Мы вздрагиваем, когда она входит в комнату в черном шелковом костюме и туфлях из крокодиловой кожи.
— Классно одета, — шепчу я Микаэле.
— Ей сшили этот костюм вчера вечером.
— Похоже, она собирается о чем-то объявить.
Волосы Виктории высоко заколоты. Кажется, она совсем не накрашена, что странно для женщины, посещавшей курс красоты известной визажистки Тэмми Фэй. Кожа на лице Виктории приглушенного бледно-желтого цвета, а на носу сухая и красноватая. Под воспаленными глазами пролегли темные круги.
— Виктория, что происходит? — встает Джон. — Я очень переживаю.
Морщусь от его неискренности и лезу в карман за таблеткой «Тамс» . Я глотаю их сейчас, как мятные пастилки.
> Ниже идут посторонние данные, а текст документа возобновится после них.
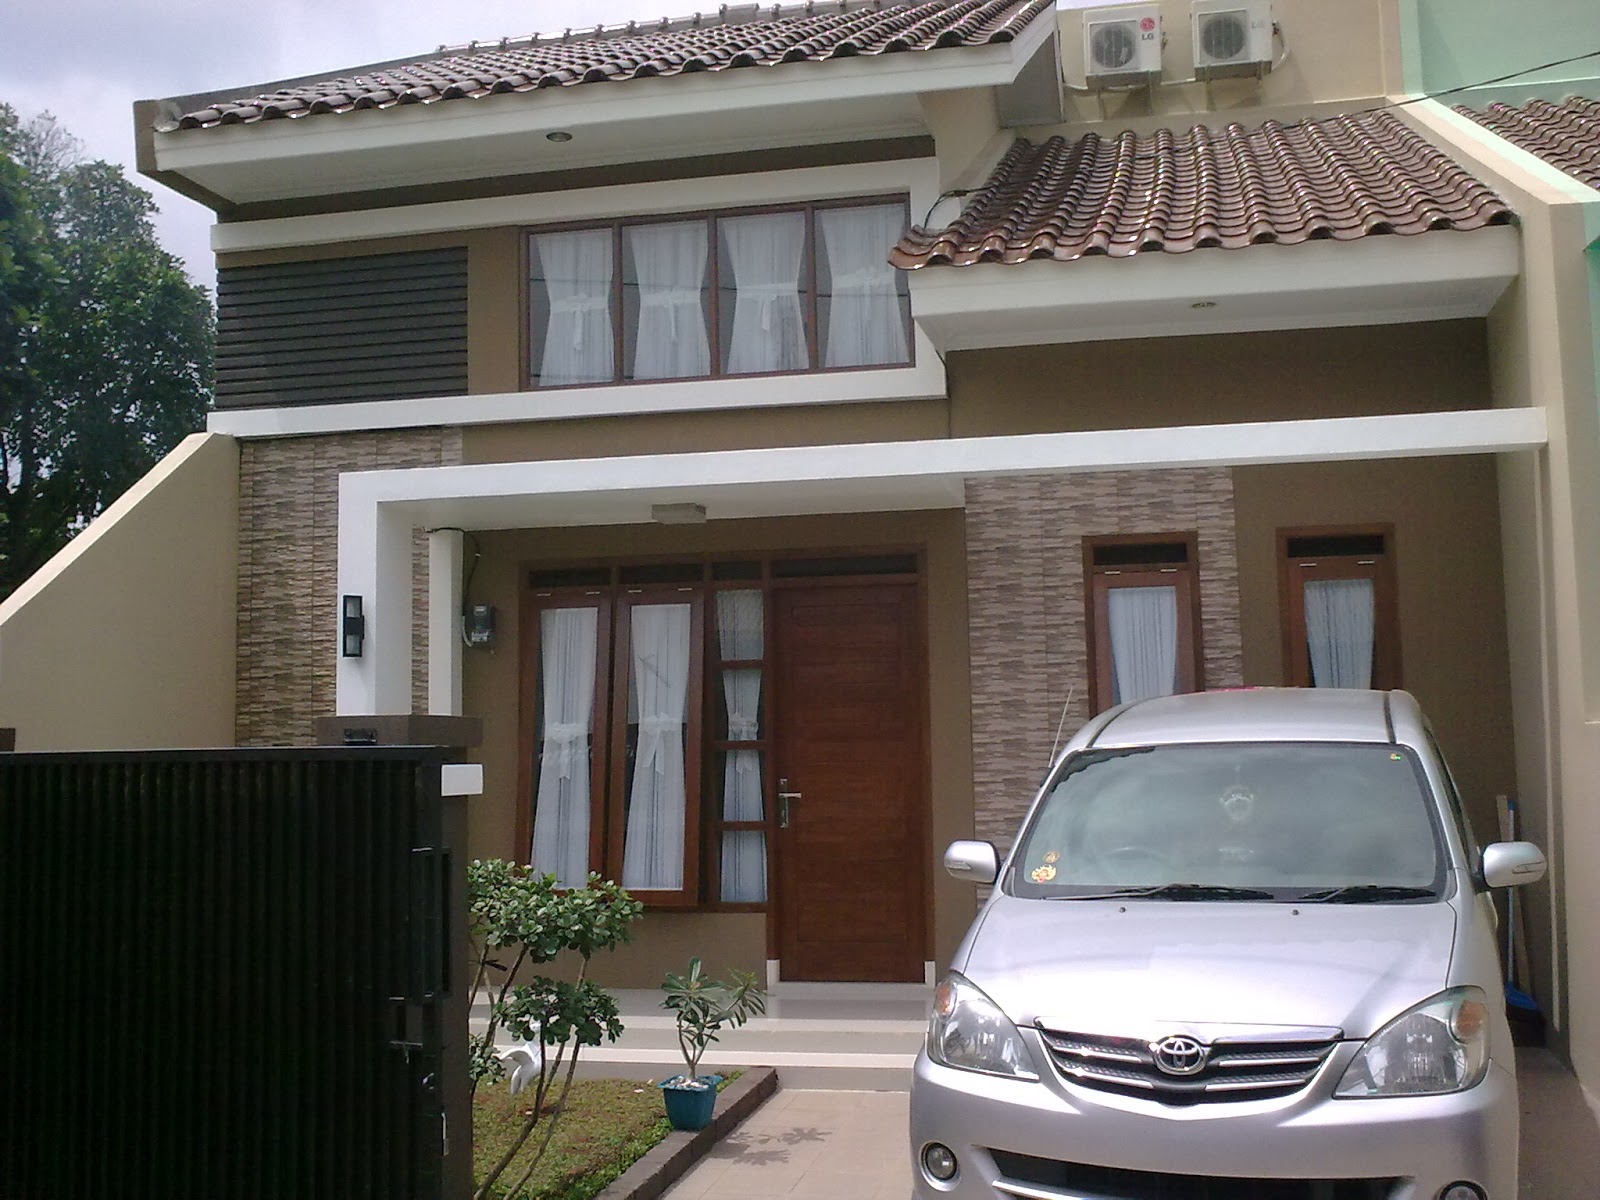  Rumah  Minimalis  2  Lantai  Dijual Di Malang  Desain Rumah

Покупай я их по рецепту, давно бы уже прослыл наркоманом.
— Если Лорн тебя обидел, клянусь, я заставлю его заплатить за это, — кипятится Джонни.
Виктория присаживается на низкую кушетку.
— Пресса уже собралась?
— Да, — отвечает Джонни.
— Си-эн-эн?
Джонни смотрит на меня. Такой суматохи в Брентвуде не было с момента убийства Николь Браун Симпсон.
— Приехали репортеры всех крупных телекомпаний, — киваю я, — а также съемочные группы «Энтертейнменттунайт», «Хард копи» и «Экстра».
— А телешоу «Окно в Голливуд» ? — интересуется Виктория. Не успеваю ответить, как она уже поворачивается к Микаэле: — Где Мэтт?
— Я разбудила его полчаса назад и попросила спуститься.
— Позвони ему снова.
— Конечно. — Микаэла выходит из комнаты и через мгновение возвращается.
Мы нервно переглядываемся, а Виктория застывает на кушетке в состоянии, похожем на транс. Наконец Мэтт удостаивает нас своим появлением. Он не торопясь входит в комнату в мятой футболке и обрезанных джинсах.
Виктория спускает ноги с кушетки.
— Мэтти, подойди, сядь со мной. Мэтт уходит в другую сторону.
— Откуда тут вертолеты?
— Я собираюсь сделать заявление и хочу, чтобы ты меня поддержал, — объясняет она, протягивая ему руку, и ее глаза наполняются слезами. — Я больна, Мэтти. Пожалуйста, ты — единственное, что у меня осталось.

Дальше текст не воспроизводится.